Maali raised a hand to silence Nastasia. She gazed down into Nenja’s one remaining eye. “They tell you we’re monsters, don’t they,” she said. “We’re monsters and what we do when we heal people is mind control and dangerous.”

Nenja said nothing, but gave a single nod of her head.

“And it’s one thing to agree to work with warriors who show up, but the most senior members of the Amnari are another matter.” Maali sat down on the stool on the other side of the bed. “This isn’t just about the physical consequences of what you’ve been put through, it’s about dealing with what you’ve been told about us and the truth about us.” She paused. “You’re not an enemy to us, Nenja, and neither are most of the people in Duum. When the city first fell, we agreed that unless somebody raised a sword against us, we would consider them one of us. We’re here to make sure that anybody who needs help gets it.”

Nenja managed another single nod of her head, but still did not speak.

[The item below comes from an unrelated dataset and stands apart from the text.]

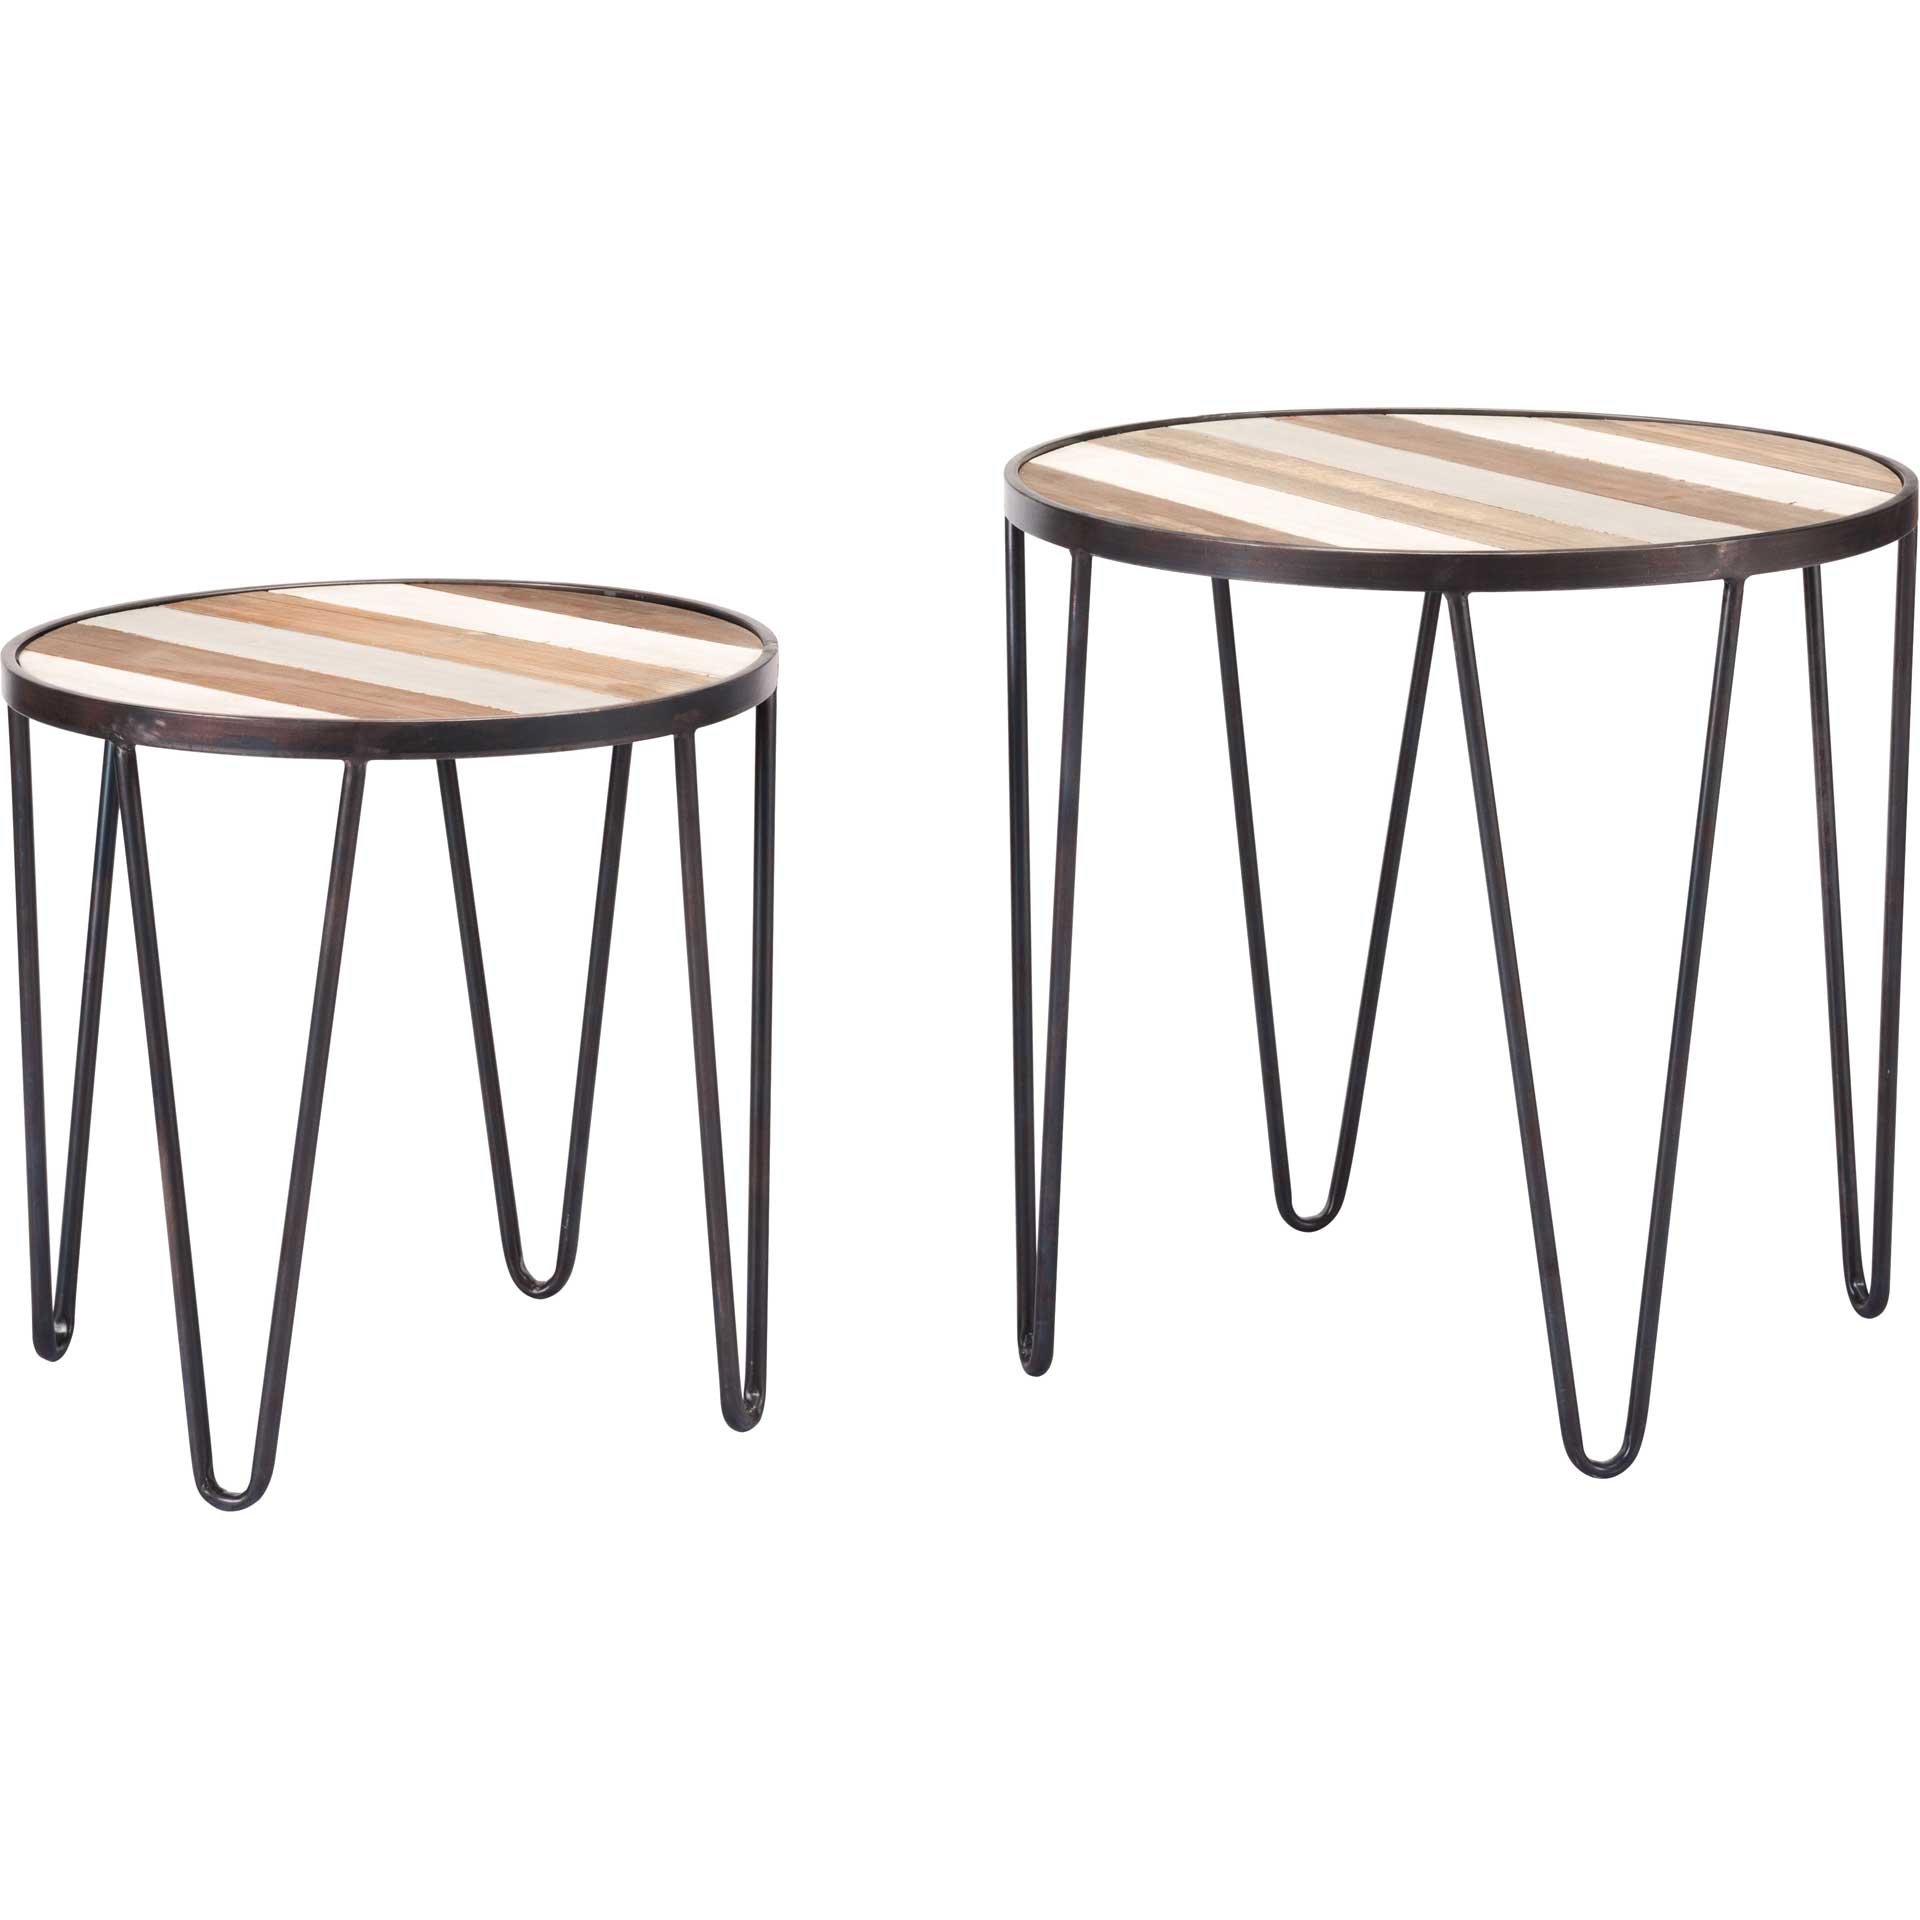 Striped Wood Tray Table Antique (Set of 2)

“This is going to be an uphill struggle,” Maali went on. “You have a lot of injuries that we just cannot properly treat. We can go through what we can and can’t deal with later. Until now, all I can do is reassure you that you’re about as safe as you can be anywhere in Duum right now. You did a great deal for us, at a massive cost, and we owe you everything we can give in return.”

At this, Nenja closed her eye. She swallowed with difficulty, and turned her head away. Maali didn’t know how to interpret that; perhaps the only thing Nenja could feel now was regret. She glanced across at Nastasia. “You can head out with the others if you want to,” she said. “It might be a good learning experience.”

Nastasia shook her head. “I’d rather stay here. I think I get… I get where Nenja’s coming from better than anybody else. She isn’t the only one who feels like an outsider.”

“It’d help if you spent more time with them, even if they don’t like it. Not everybody’s like Daira and Kia. They’ll kick them into touch if need be.” Maali turned her attention back to Nenja, who now lay with her eye open again, watching them both in silence. Maali felt as though she was being studied or assessed. She wasn’t surprised. “I’ve just been speaking to Irad, and we’re going to make sure—”

She stopped. At the name, Nenja shook her head again and tried to raise her hands. “No, no. I can’t…”

“It’s all right,” Maali said, pressing home her point. “He’s not going to come barging in here. There’s no pressure. None at all.”

“I can’t see him,” Nenja said, her voice nothing more than a croak. “I can’t see him ever again.”